During the three-week period prior to the alleged February 20, 1985, "accident," claimant's low back problems were so severe that she was under heavy medication and missed one week's work because of the pain. Claimant herself testified that more than one week before the alleged accident on February 20, 1985, Dr. Franks had given her a memo to deliver to her production supervisor, Mr. Wilsey, justifying her being off work because of her low back pain. Claimant testified that it was a common practice when she was ill and could not come to work to have her husband, Lanny, report to Mr. Wilsey and have her excused. Mr. Wilsey testified that during his February 13, 1985, conversation with Lanny, Lanny reported that Johnson's back was hurting, but that it was not job related. Although Lanny testified during the hearing that what he told Mr. Wilsey was that he did not know what was wrong with Johnson's back, there was conflicting evidence on this point, and questions of conflicting evidence are for the arbiter and weigher of evidence, the Industrial Commission, not for this Court. Blackwell v. Omark Ind., supra. The commission is entitled to believe or disbelieve each witness's testimony, depending on its determination of the witness's credibility. Here, the commission obviously lent more credence to Wilsey's testimony than to Lanny's; with this we cannot dispute. The commission's determination of the weight and credibility to be accorded to particular evidence will not be overturned unless it is clearly erroneous. Houser v. So. Idaho Pipe & Steel, Inc., 103 Idaho 441, 649 P.2d 1197 (1982), reh'g denied 1982.

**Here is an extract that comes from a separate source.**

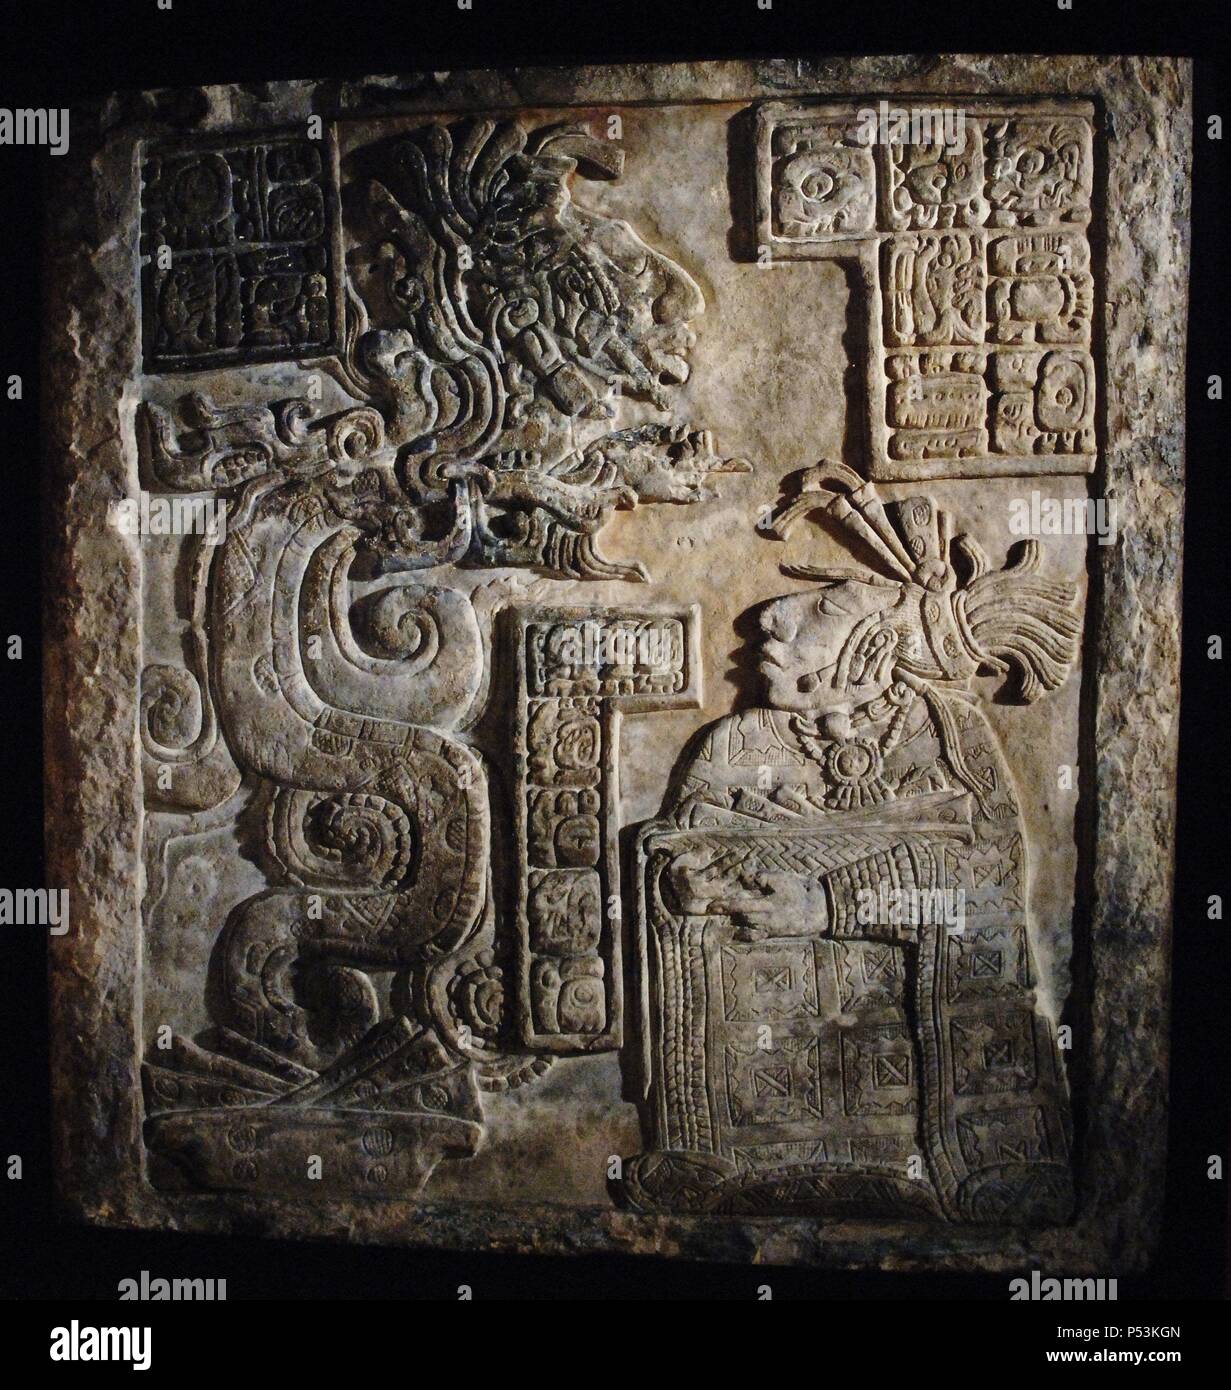 ARTE MAYA. PERIODO CLASICO TARDIO (600-900 d. C.). DINTEL 15 DE YAXCHILAN (770-775 d. C.). Relieve en piedra caliza que representa a la ESPOSA DEL REY PAJARO JAGUAR IV (752-768), WAK TUUN, HACIENDO UN AUTOSACRIFICIO DE SANGRE ANTE LA SERPIENTE VISION QUE SURGE DE UN ROLLO DE PAPEL MANCHADO CON LA SANGRE DE LA DAMA. DE SU BOCA SALE UN ANCESTRO CON EL QUE LA DAMA QUIERE CONTACTAR. La pieza forma parte de una serie de tres relieves encargados por Pájaro Jaguar IV para decorar la ESTRUCTURA 21 en Yaxchilán. Estado de Chiapas. México. Museo Británico. Londres. Inglaterra. Reino Unido. Stock Photo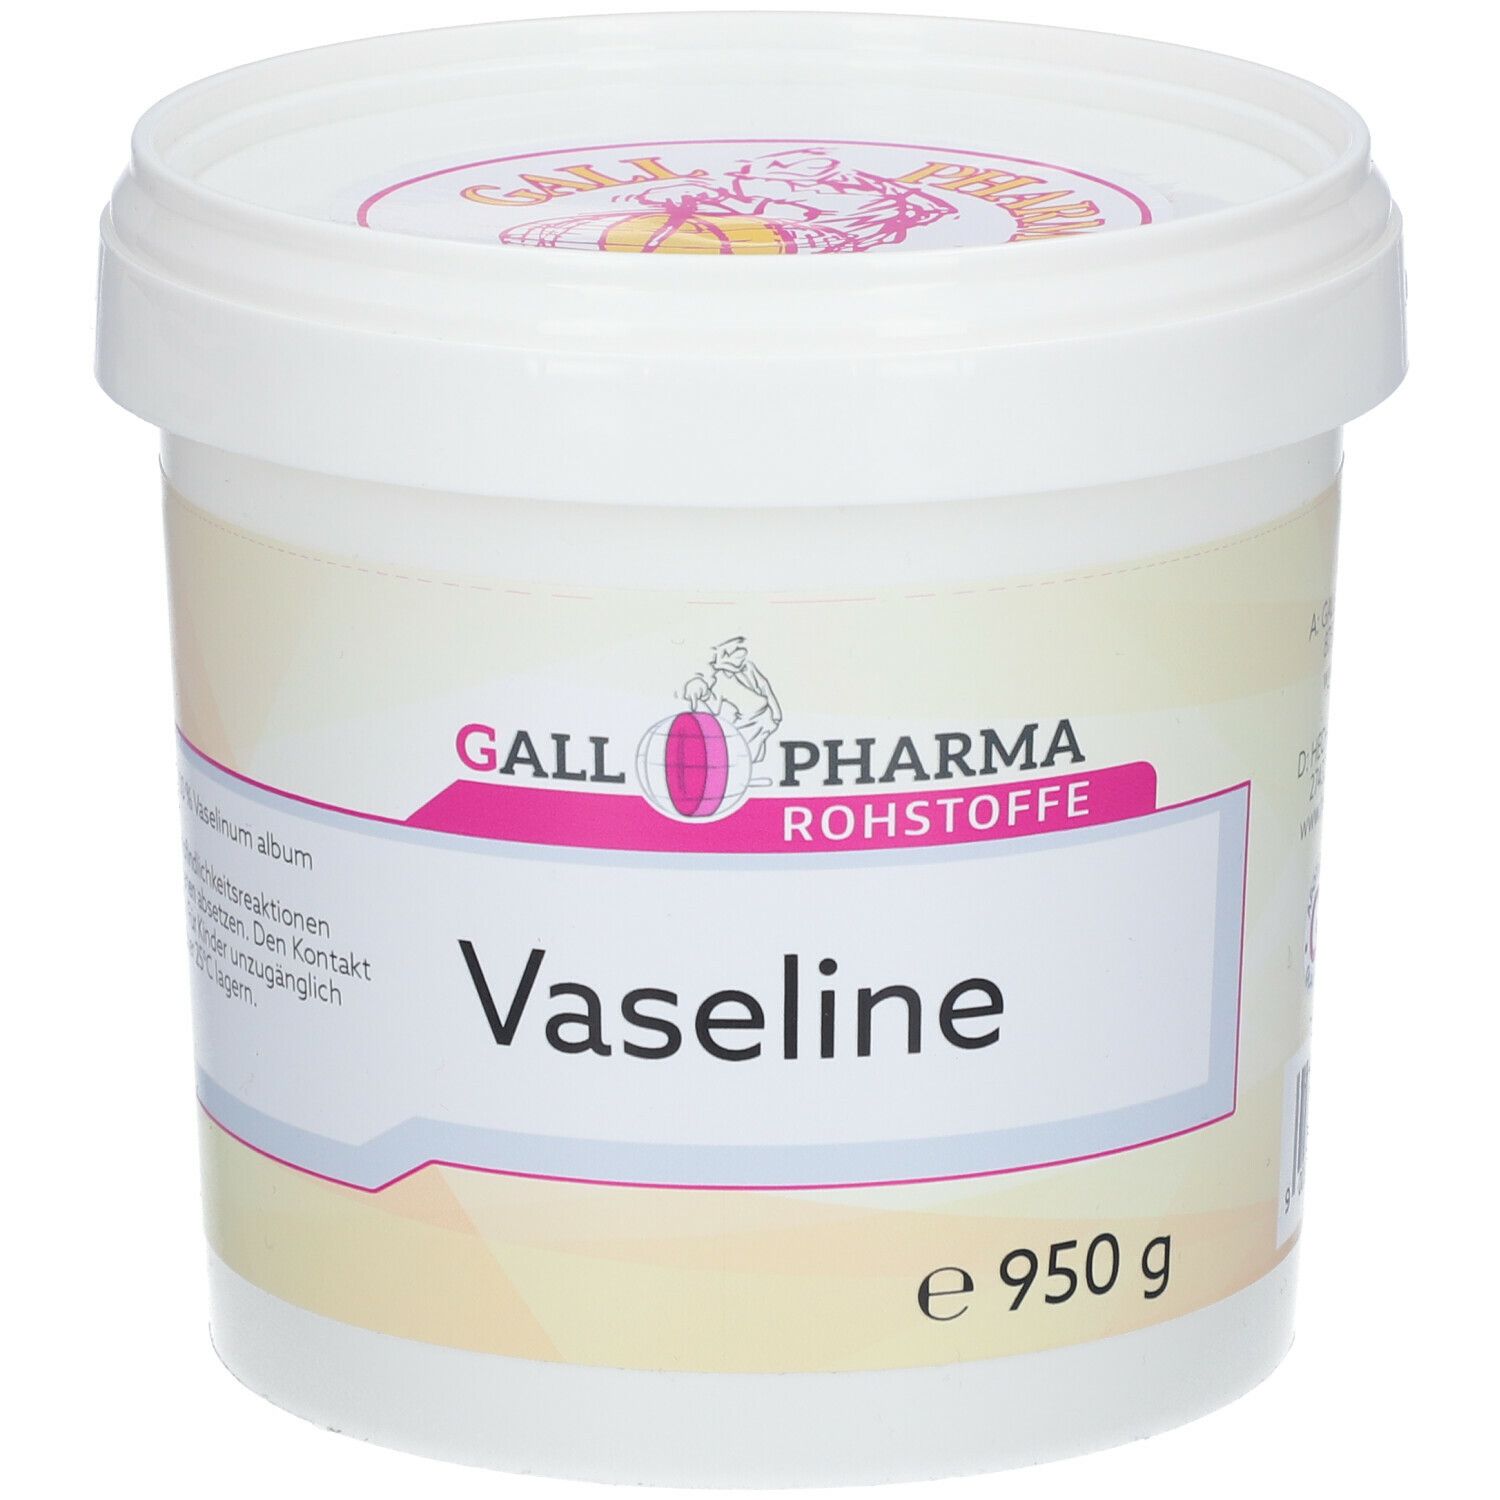 Gall Pharma Vaseline

Supplementing Wilsey's testimony was the testimony of Mr. Kolar, mill manager. Kolar testified that Wilsey had relayed to him Lanny's report that claimant's back problem was not job related. Kolar also testified that claimant had personally told him on March 7, 1985, that she had been off work for a week before the alleged accident because of her back problems, and that she had charged the accompanying medical bills to the employer's medical insurance carrier, not the worker's compensation carrier. The reason claimant gave Kolar for wanting to change her claim from an MSB claim to a worker's compensation claim was not because she was claiming that she had had an accident, but because worker's compensation would pay the prescription bills, and MSB would not. No mention was made that she had been injured in an industrial accident.

The commission's finding of no industrial "accident" on February 20, 1985, is also supported by the testimony of Kathy Lovell. Claimant admitted that the problem existed well before February 20, 1985, having told Dr. Franks on February 12, 1985, that "it felt like there was a knife, a sharp pain like a knife stabbing me in the back." She also described the pain to Kathy Lovell, her co-worker, on February 18, 1985, two days before the alleged accident, "She said that her [claimant's] back hurt and it felt like there was a knife stabbing her in the back about right here, somewhere in here, lower part." In addition, both claimant and Lovell testified that claimant worked less and less on February 18 and February 19, the days immediately preceding the alleged "accident," and that on February 20th nothing unusual...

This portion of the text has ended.